### DATA SEGMENT
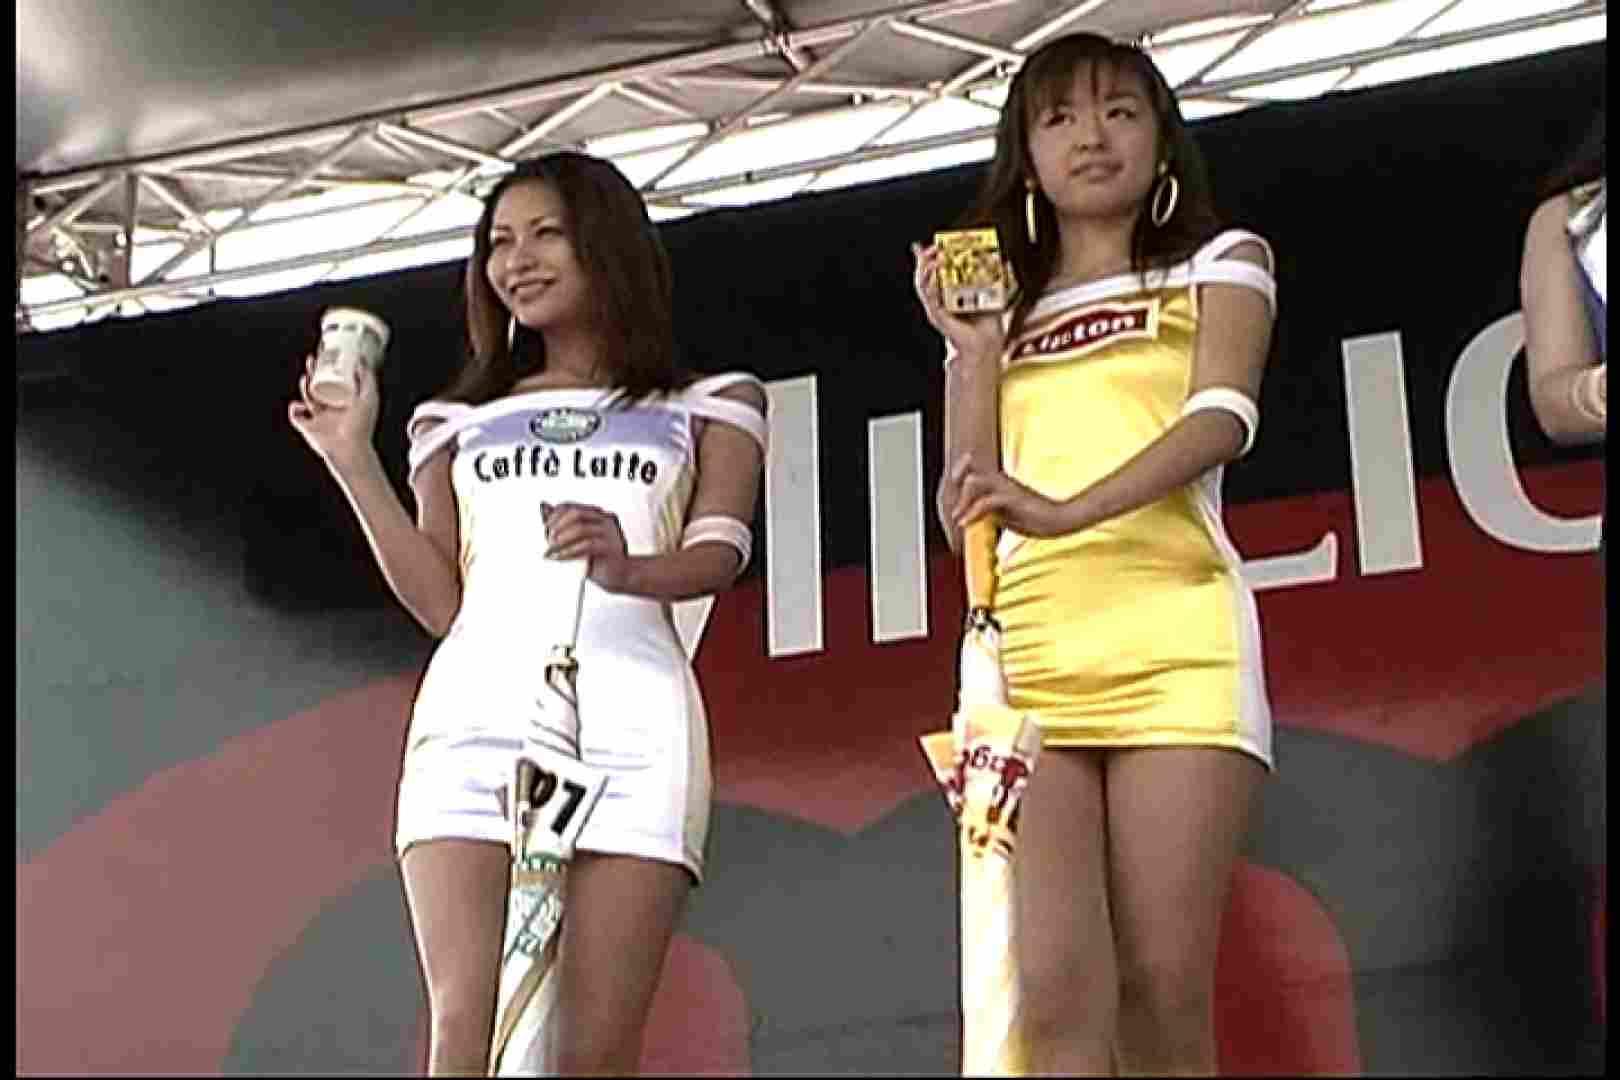 RQカメラ地獄Vol.6 OLヌード天国 | レースクイーン  58PIX 5
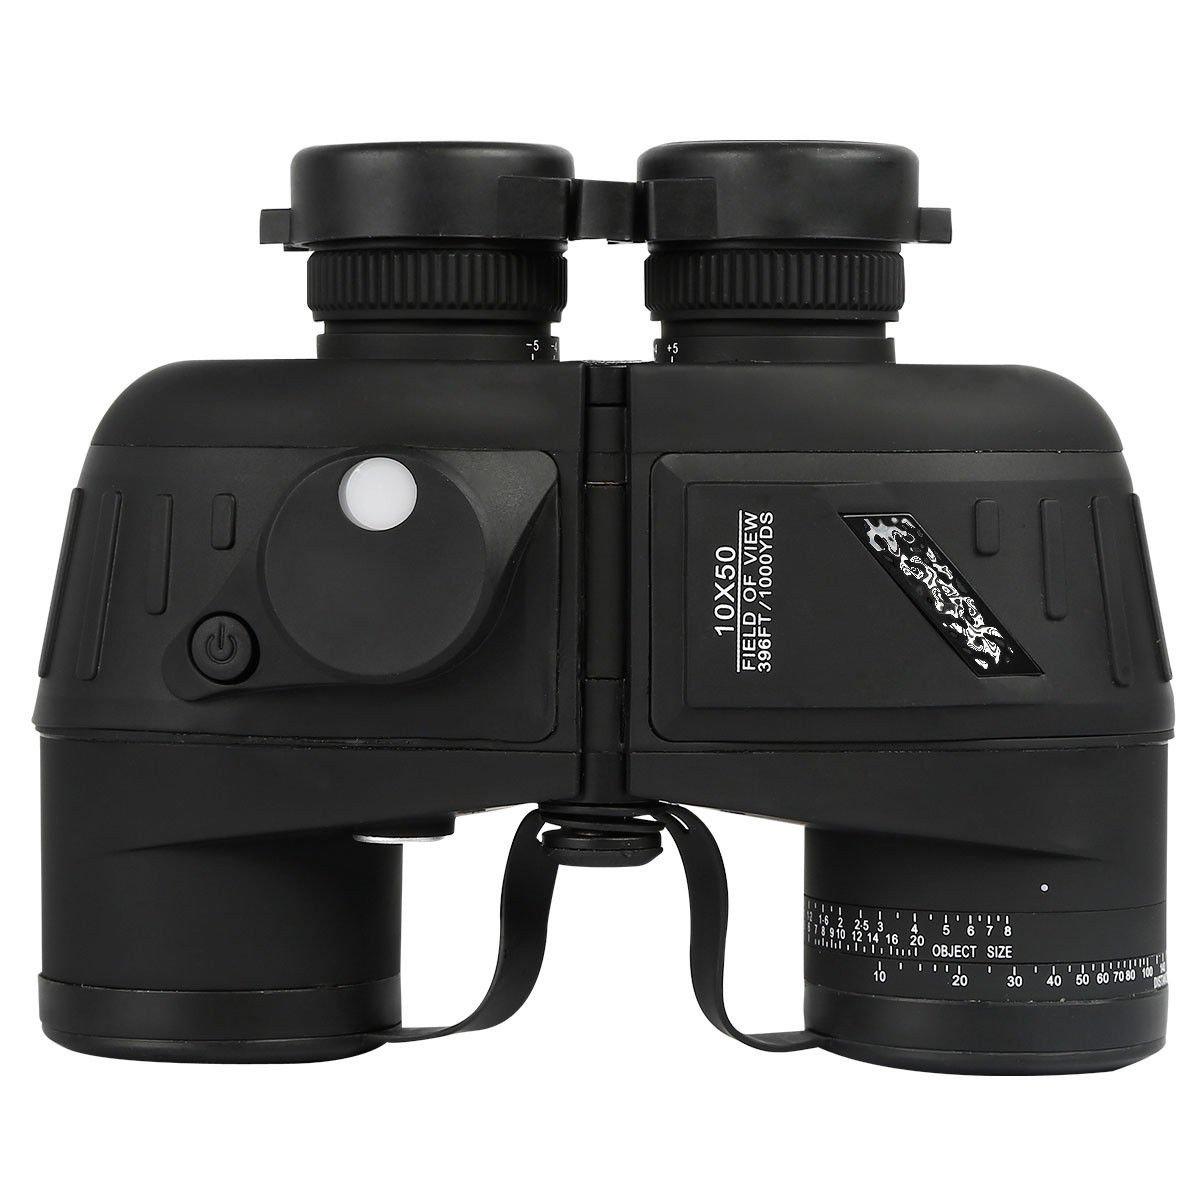 Tengchang 10X50 Military Marine Night Vision Binoculars with Rangefinder Compass by Tengchang
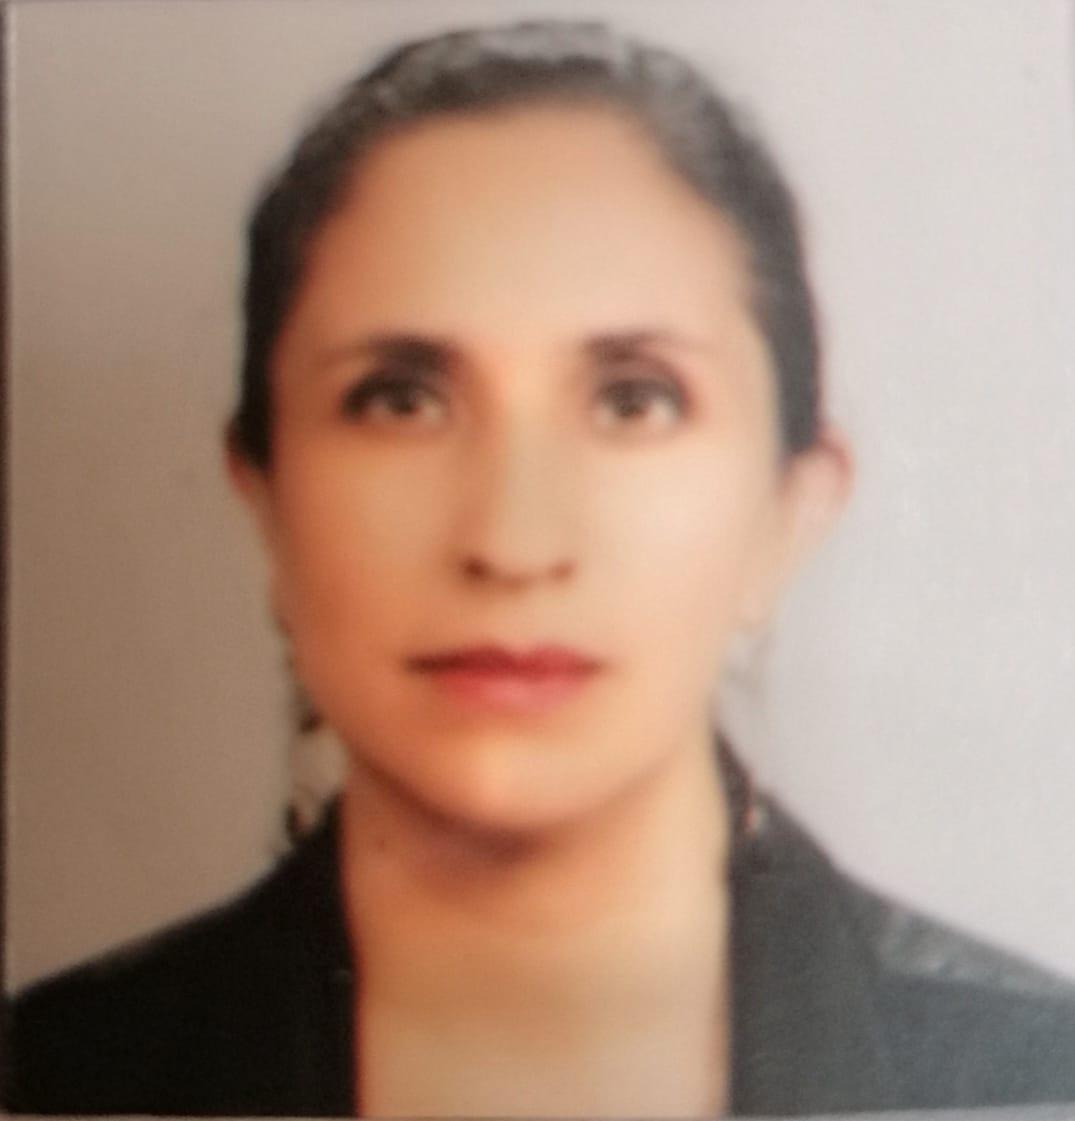 Dra. Ivone del Rosario Martínez Benítez

### EXERCISE DESCRIPTION
The range to set down runs from the line containing "Tengchang 10X50 Military" through the final line of the data, both ends included; give it exactly and drop the pictures.

### PROBLEM SOLUTION
 Tengchang 10X50 Military Marine Night Vision Binoculars with Rangefinder Compass by Tengchang
 Dra. Ivone del Rosario Martínez Benítez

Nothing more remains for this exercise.